Attorney, Agent or Firm: Garrison & Stratton
Parent Case Text
RELATED APPLICATION
This application is a continuation-in-part of my copending U.S.
patent application, Ser. No. 020,376, filed Mar. 2, 1987, now
issued as U.S. Pat. No. 4,735,059.
Claims
I claim:
1. A refrigeration system having a closed refrigerant loop
comprising:
a compressor;
a condenser;
a surge receiver;
expansion device;
an evaporator;
a discharge line connecting the compressor to the inlet of the
condenser;
a receiver pressure control line connecting between the discharge
line and the top of the receiver having pressure regulating means
therein to establish a minimum receiver pressure in cold
weather;
a condenser drain line connecting the outlet of the condenser to a
three way connection with the bottom of the surge receiver and with
a liquid line to the expansion device; and,
a flow through reservoir means in said condenser drain line having
a liquid level detection means therein to determine the liquid
level in said flow through reservoir;
pressurization means in said receiver pressure control line opening
to increase the pressure in said receiver whenever the liquid level
in the flow through reservoir falls below a set limit.
2. The refrigeration system of claim 1 wherein a check valve is in
said receiver pressure control line to prevent migration of
refrigerant from the receiver to the condenser.
3. The refrigeration system of claim 1 wherein a check valve is in
said condenser drain line to prevent migration of refrigerant from
the receiver or said liquid line to the condenser.
4. The refrigeration system as defined in claim 1 wherein said
condenser and said receiver are at approximately the same elevation
and said pressure regulating means is an outlet pressure regulating
valve in said receiver pressure control line and opens on a fall in
outlet pressure below the adjustable setting of the valve to
establish a minimum receiver pressure and, thereby cause
backflooding of liquid in the condenser to decrease condensing
surface, subcool the liquid refrigerant and maintain the minimum
high side pressure in cold weather.
5. The refrigeration system of claim 4 wherein said receiver is at
an elevation substantially below that of said condenser, and having
an inlet pressure regulating valve in the condenser drain line
located near the receiver, said inlet pressure regulating valve
closing on a drop of inlet pressure and being adjusted for a
pressure of approximately 2 to 5 PSI greater than the pressure
setting of said outlet pressure regulate valve, said flow through
reservoir being located just downstream from the inlet pressure
regulating valve.
6. The refrigeration system as defined in claim 1 wherein said flow
through reservoir is mounted vertically in said condenser drain
line means to detect the liquid level in said flow through
reservoir; said pressurization means comprising a solenoid valve
connected in parallel with said pressure regulating means in said
receiver pressure control line and said solenoid valve is activated
whenever the liquid level in said flow through reservoir falls
below a set limit, thereby causing liquid to backflood in said
condenser drain line and said reservoir so that uncondensed gas
does not enter said liquid line as in warm weather or high
condensing load.
7. The refrigeration system of claim 6 wherein said means to detect
the liquid level in said flow through reservoir comprises a liquid
level sensing thermistor, said thermistor being in direct contact
with the refrigerant and being sensitive to differences in
conductivity between liquid and vapor refrigerant thus indicating
when uncondensed gas is present in said flow through reservoir or
said condenser drain line.
8. The refrigeration system of claim 6 wherein said means to detect
the liquid level in said flow through reservoir comprises a float
switch assembly that is connected by tubing to the top and bottom
of said flow through reservoir.
Description
BACKGROUND OF THE INVENTION
In a conventional refrigeration system, the capacity of an air
cooled condenser is proportional to the temperature difference
between the condensing temperature of the refrigerant and the
ambient air temperature entering the condenser.
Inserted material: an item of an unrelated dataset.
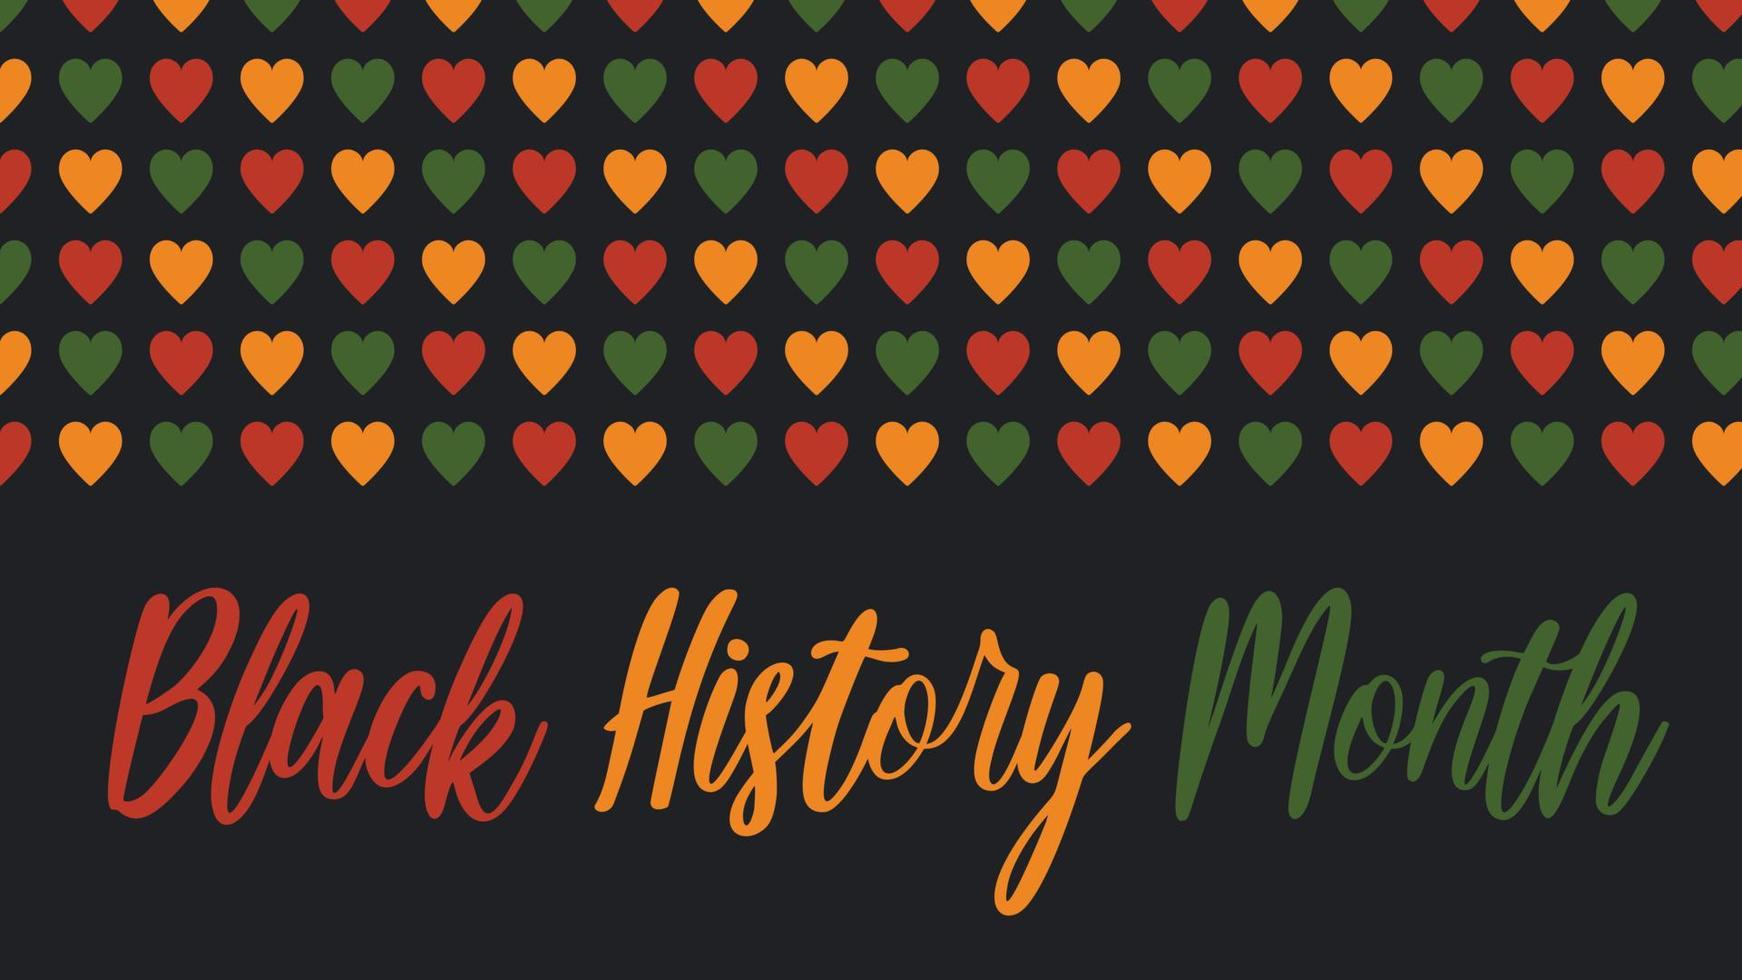 vector banner mês da história negra - celebração nos eua, logotipo do mês americano africano. padrão com corações em cores africanas - vermelho, verde, amarelo sobre fundo preto
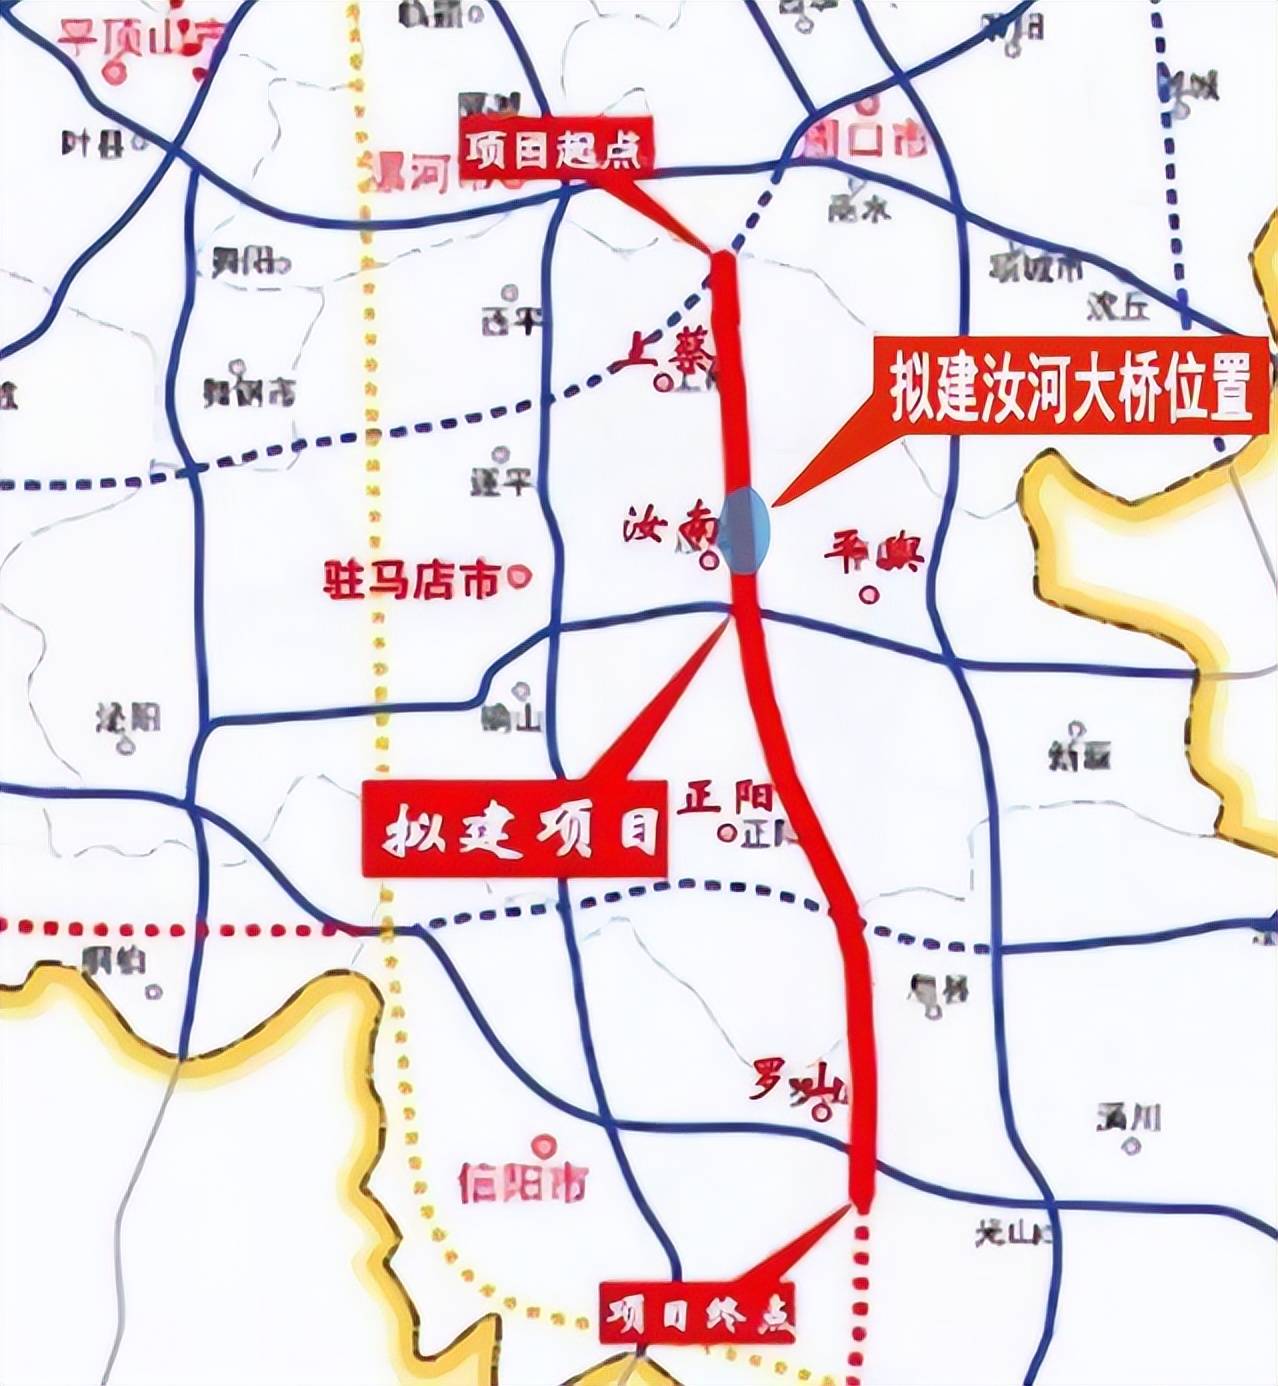 河南省安罗高速详细图图片

The condenser is
usually designed to operate efficiently at a temperature difference
which is suitable for summer conditions. In winter conditions, the
capacity of the condenser increases substantially because of the
reduction in the ambient air temperature which enters the
condenser. When the capacity of the condenser increases, the
system-head pressure and the liquid-line pressure decrease, the
liquid refrigerant in the liquid supply line which feeds the
expansion valve flashes to a gaseous state, and consequently the
amount of liquid refrigerant which is available to the evaporator
is reduced. Because of these problems, a head-pressure control
mechanism is required in colder ambient conditions to elevate the
head pressure, thereby, increasing the efficiency of the
system.
Many methods of controlling the head-pressure have been used. One
such method regulates the amount of the ambient air which passes
through the condenser by either cycling the fans or by controlling
the speed of the fan motors. Alternatively, dampers have been used
to limit the airflow through the condenser. Backflooding of the
liquid refrigerant into the condenser, which limits the condensing
surface, also achieves head-pressure control. Many such control
systems have been proposed or are in use, such as those systems
described in: U.S. Pat. Nos. 2,934,911; 2,986,899; 2,954,681;
2,963,877; 3,905,202; 4,068,494; 4,373,348, and 4,457,138.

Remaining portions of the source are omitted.